Criminal – Search & Seizure: HAMPTON V. COM. (SC 8/23/2007)

HAMPTON V. COM.
CRIMINAL:  SEARCH AND SEIZURE (INFORMANTS)
2006-SC-000122-MR.pdf
PUBLISHED: AFFIRMING (OPINION BY NOBLE)
COUNTY:WARRENT
DATE RENDERED: 08/23/2007

Synopsis: Police had reasonable and articulable suspicion to stop Defendant following tip from citizen informant and totality of the circumstances.

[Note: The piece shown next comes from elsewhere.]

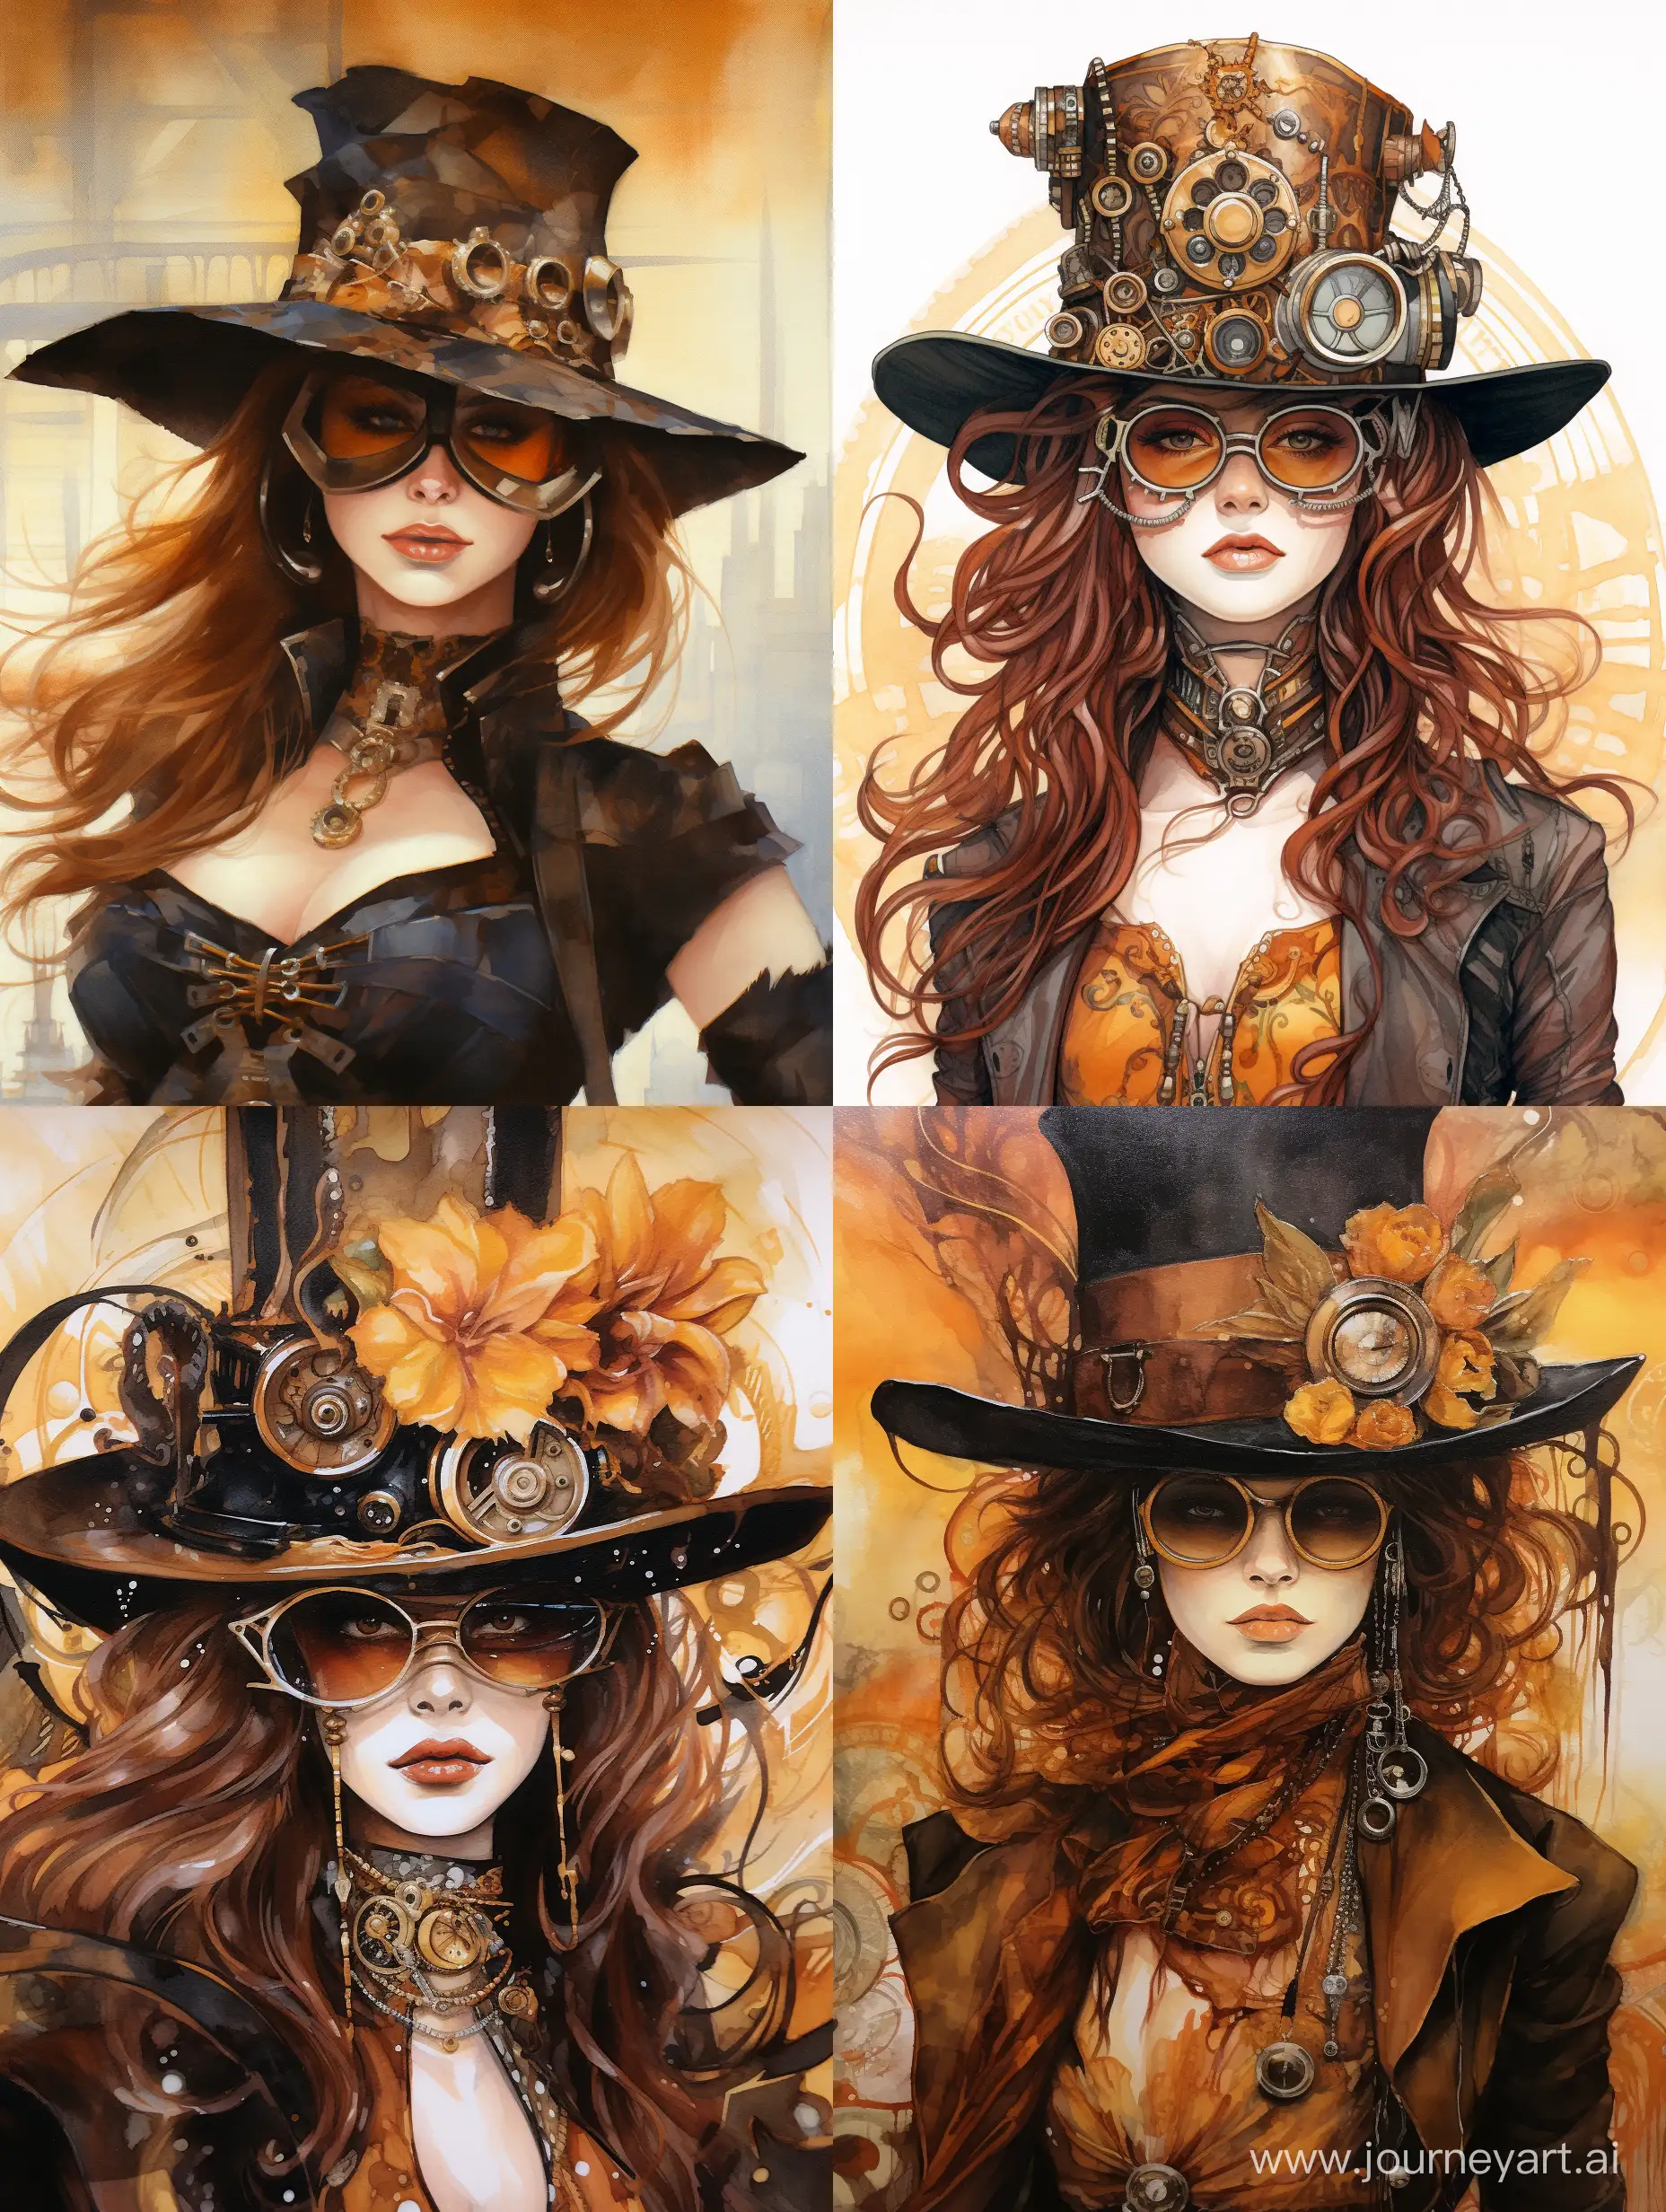 a steampunk woman with piercing eyes. She wears a wide-brimmed hat with jewelry and steampunk glasses. Her posture and gaze convey confidence. The outfit and accessories feature gold and brown tones, complemented by mechanical and floral elements that create rich texture and detail. Still from the film. Oil painting, paint smudges, alcohol ink, splash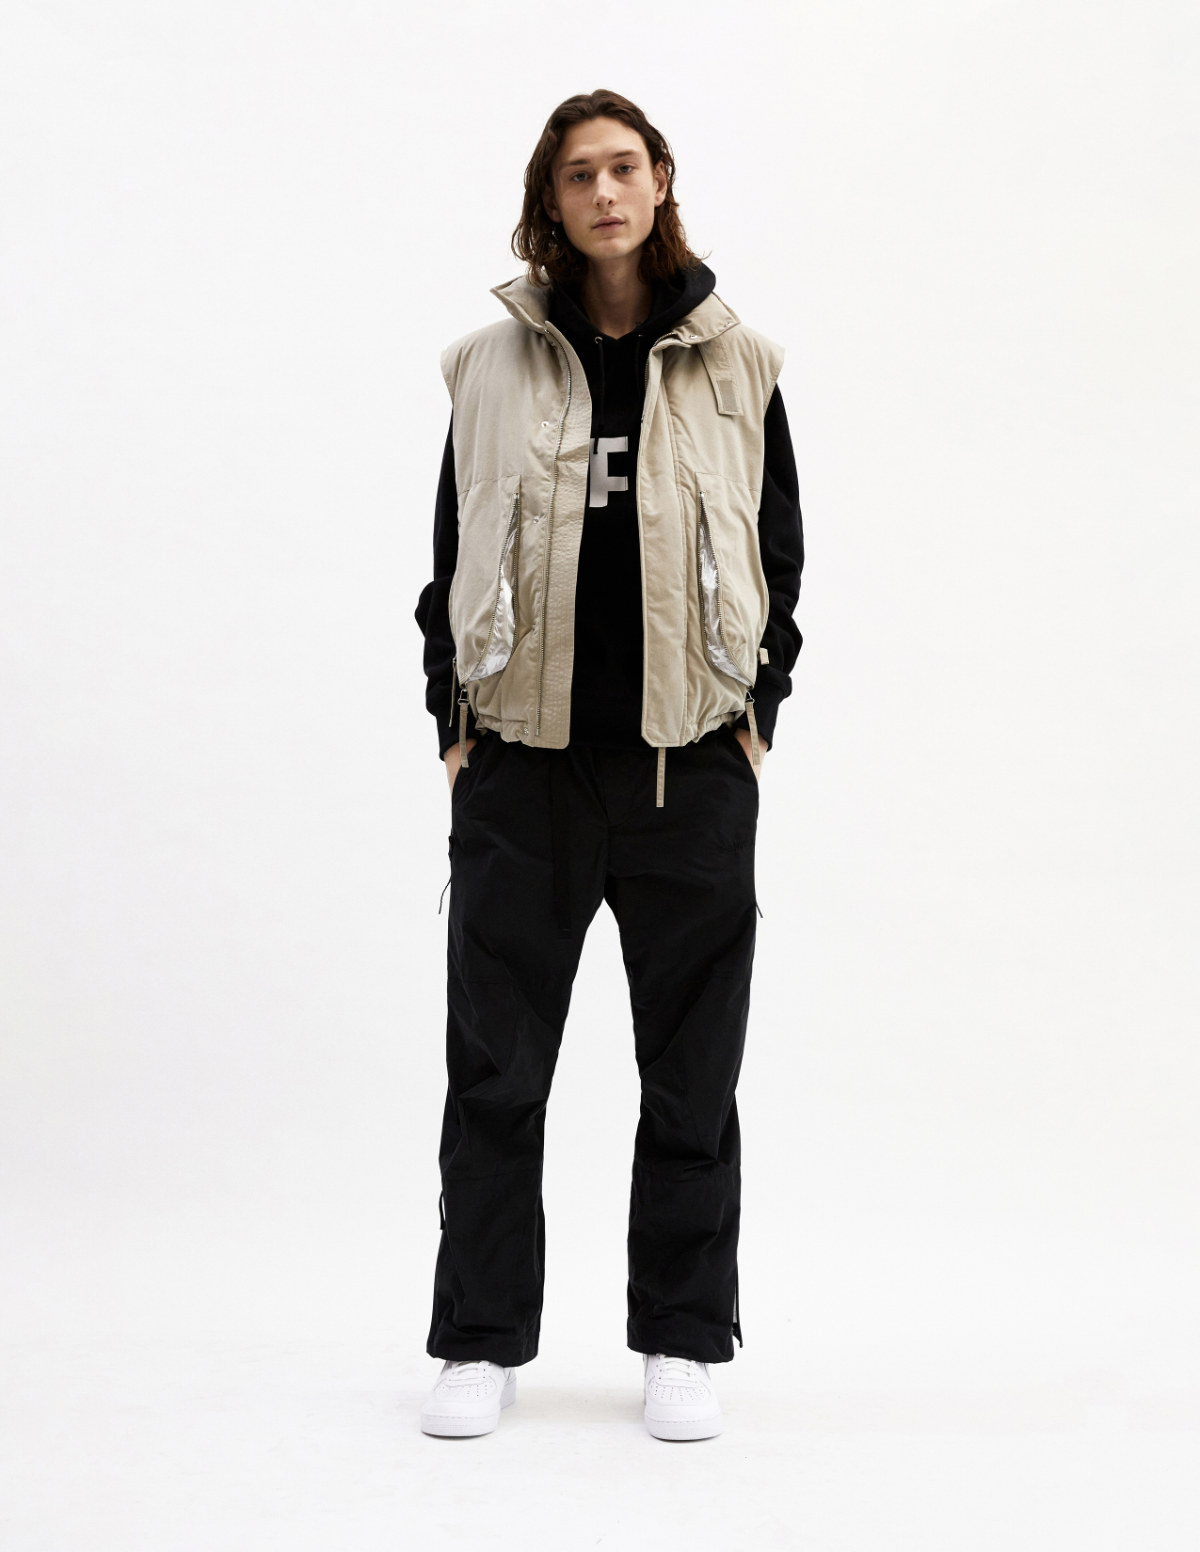 Helmut Lang’s Autumn/Winter 2021 Collection

TC properly denied Defendant’s motion to suppress following search and seizure. In light of the totality of the circumstances, the officers had a reasonable and articulable suspicion that Defendant was engaged in criminal activity, thereby justifying a brief investigatory stop. Though his name was unknown, the man who gave the tip to the police was not truly anonymous. The officers were familiar with him, having spoken with him on several previous occasions. One of the officers had previously received reliable tips from the man about criminal activity. Rather than being an anonymous tipster, whose information would need significant verification in order to support even a reasonable, articulable suspicion, the man on the bike was more akin to a citizen informant, whose tip inherently bears more indicia of reliability than that of a purely anonymous informant. Citizen informants are tipters who have face-to-face contact with the police or whose identity may be readily ascertained . Their tips "are generally competent to support a finding of reasonable suspicion (and in some cases, probable cause) whereas the same tip from a truly anonymous source would likely not have supported such a finding." While the tip from the man on the bike enjoyed greater indicia of reliability as to its content than a purely anonymous tip, absent other information, its content alone would have been insufficient to allow police to perform an investigative stop of Defendant. The police, however, had other information that justified their stop of Defendant when combined with the tip.

In light of the circumstances, the police did not exceed their lawful authority by opening the car door before asking Defendant to exit the car. Further, Defendant’s consent to the search of his person was not involuntary and coerced because he was in pain from the handcuffs at the time.